3.3.  Naming Requirements

   One or more names MUST be assigned to all registered charsets.
   Multiple names for the same charset are permitted, but if multiple
   names are assigned a single primary name for the charset MUST be
   identified. All other names are considered to be aliases for the
   primary name and use of the primary name is preferred over use of any
   of the aliases.



Freed & Postel           Best Current Practice                  [Page 3]
^L
RFC 2278                  Charset Registration              January 1998


   Each assigned name MUST uniquely identify a single charset.  All
   charset names MUST be suitable for use as the value of a MIME content
   type charset parameter and hence MUST conform to MIME parameter value
   syntax. This applies even if the specific charset being registered is
   not suitable for use with the "text" media type.

   Finally, charsets being registered for use with the "text" media type
   MUST have a primary name that conforms to the more restrictive syntax
   of the charset field in MIME encoded-words [RFC-2047, RFC-2184] and
   MIME extended parameter values [RFC-2184]. A combined ABNF definition
   for such names is as follows:

   mime-charset = 1*<Any CHAR except SPACE, CTLs, and cspecials>

   cspecials    = "(" / ")" / "<" / ">" / "@" / "," / ";" / ":" / "
                  <"> / "/" / "[" / "]" / "?" / "." / "=" / "*"

   CHAR         =  <any ASCII character>        ; (  0-177,  0.-127.)
   SPACE        =  <ASCII SP, space>            ; (     40,      32.)
   CTL          =  <any ASCII control           ; (  0- 37,  0.- 31.)
                    character and DEL>          ; (    177,     127.)

3.4.  Functionality Requirement

   Charsets must function as actual charsets: Registration of things
   that are better thought of as a transfer encoding, as a media type,
   or as a collection of separate entities of another type, is not
   allowed.  For example, although HTML could theoretically be thought
   of as a charset, it is really better thought of as a media type and
   as such it cannot be registered as a charset.

3.5.  Usage and Implementation Requirements

   Use of a large number of charsets in a given protocol may hamper
   interoperability. However, the use of a large number of undocumented
   and/or unlabelled charsets hampers interoperability even more.

   A charset should therefore be registered ONLY if it adds significant
   functionality that is valuable to a large community, OR if it
   documents existing practice in a large community. Note that charsets
   registered for the second reason should be explicitly marked as being
   of limited or specialized use and should only be used in Internet
   messages with prior bilateral agreement.

3.6.  Publication Requirements

   Charset registrations can be published in RFCs, however, RFC
   publication is not required to register a new charset.

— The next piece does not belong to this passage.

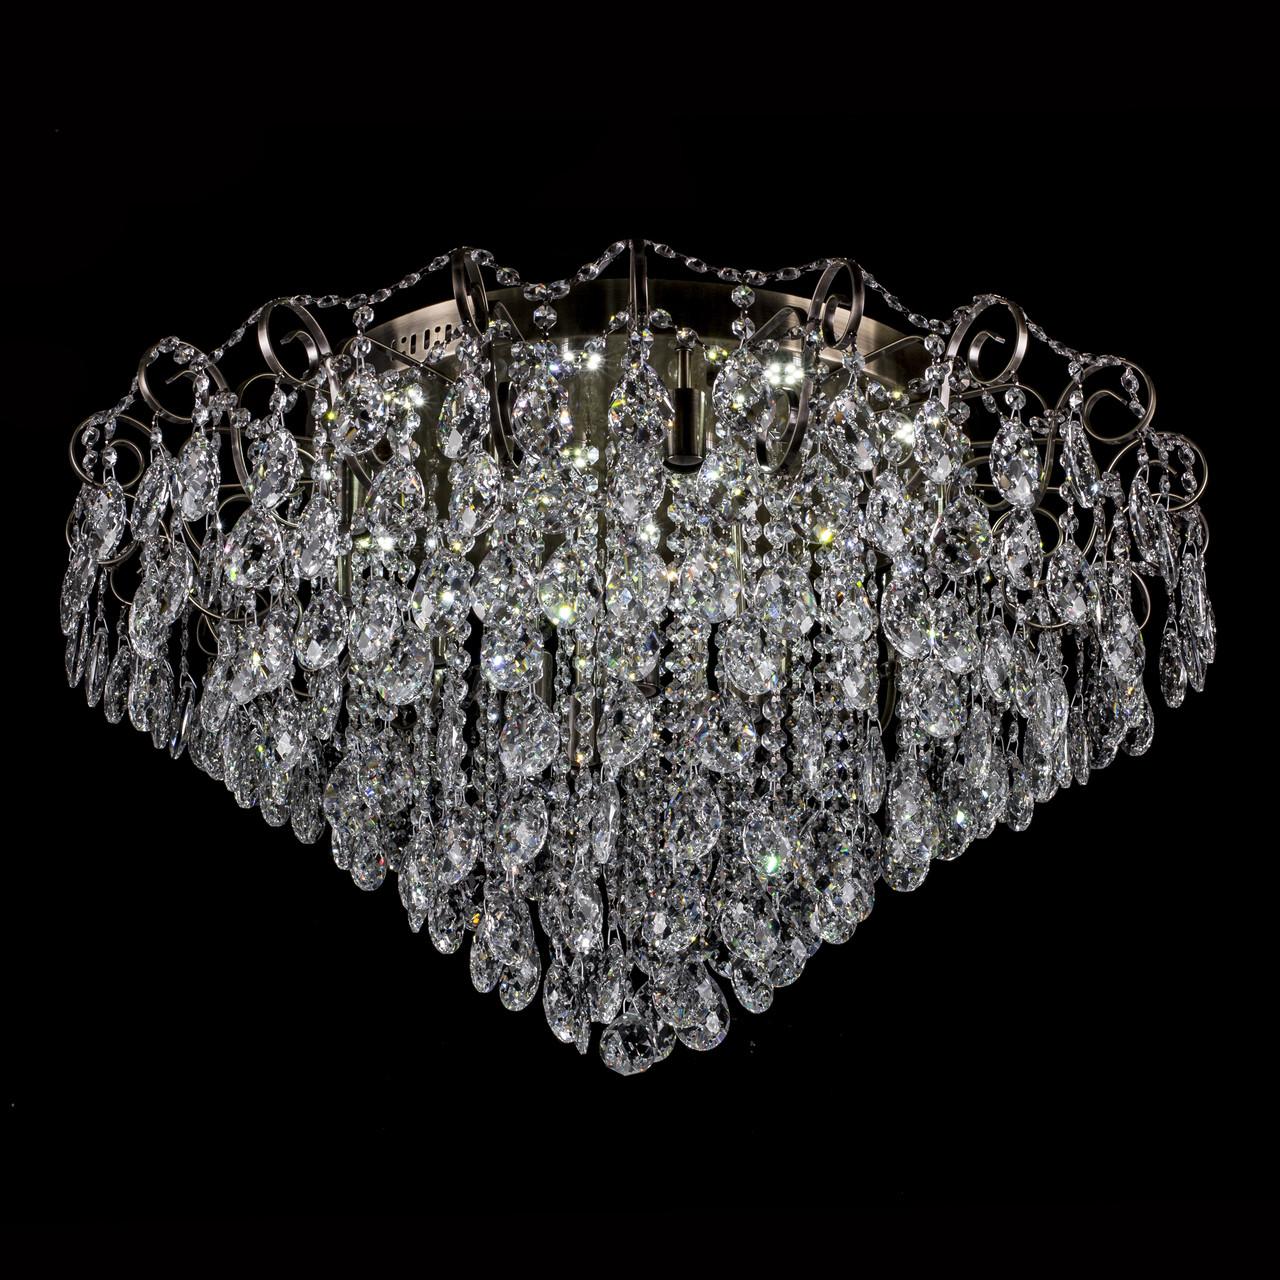 Кришталева люстра классичесская з LED підсвічуванням на 15 лампочок Прометей P5-E1136/15+15/AB

Freed & Postel           Best Current Practice                  [Page 4]
^L
RFC 2278                  Charset Registration              January 1998


   The registration of a charset does not imply endorsement, approval,
   or recommendation by the IANA, IESG, or IETF, or even certification
   that the specification is adequate. It is expected that applicability
   statements for particular applications will be published from time to
   time that recommend implementation of, and support for, charsets that
   have proven particularly useful in those contexts.

3.7.  MIBenum Requirements

   Each registered charset MUST also be assigned a unique enumerated
   integer value. These "MIBenum" values are defined by and used in the
   Printer MIB [RFC-1759].

   A MIBenum value for each charset will be assigned by IANA at the time
   of registration.

4.  Registration Procedure

   The following procedure has been implemented by the IANA for review
   and approval of new charsets.  This is not a formal standards
   process, but rather an administrative procedure intended to allow
   community comment and sanity checking without excessive time delay.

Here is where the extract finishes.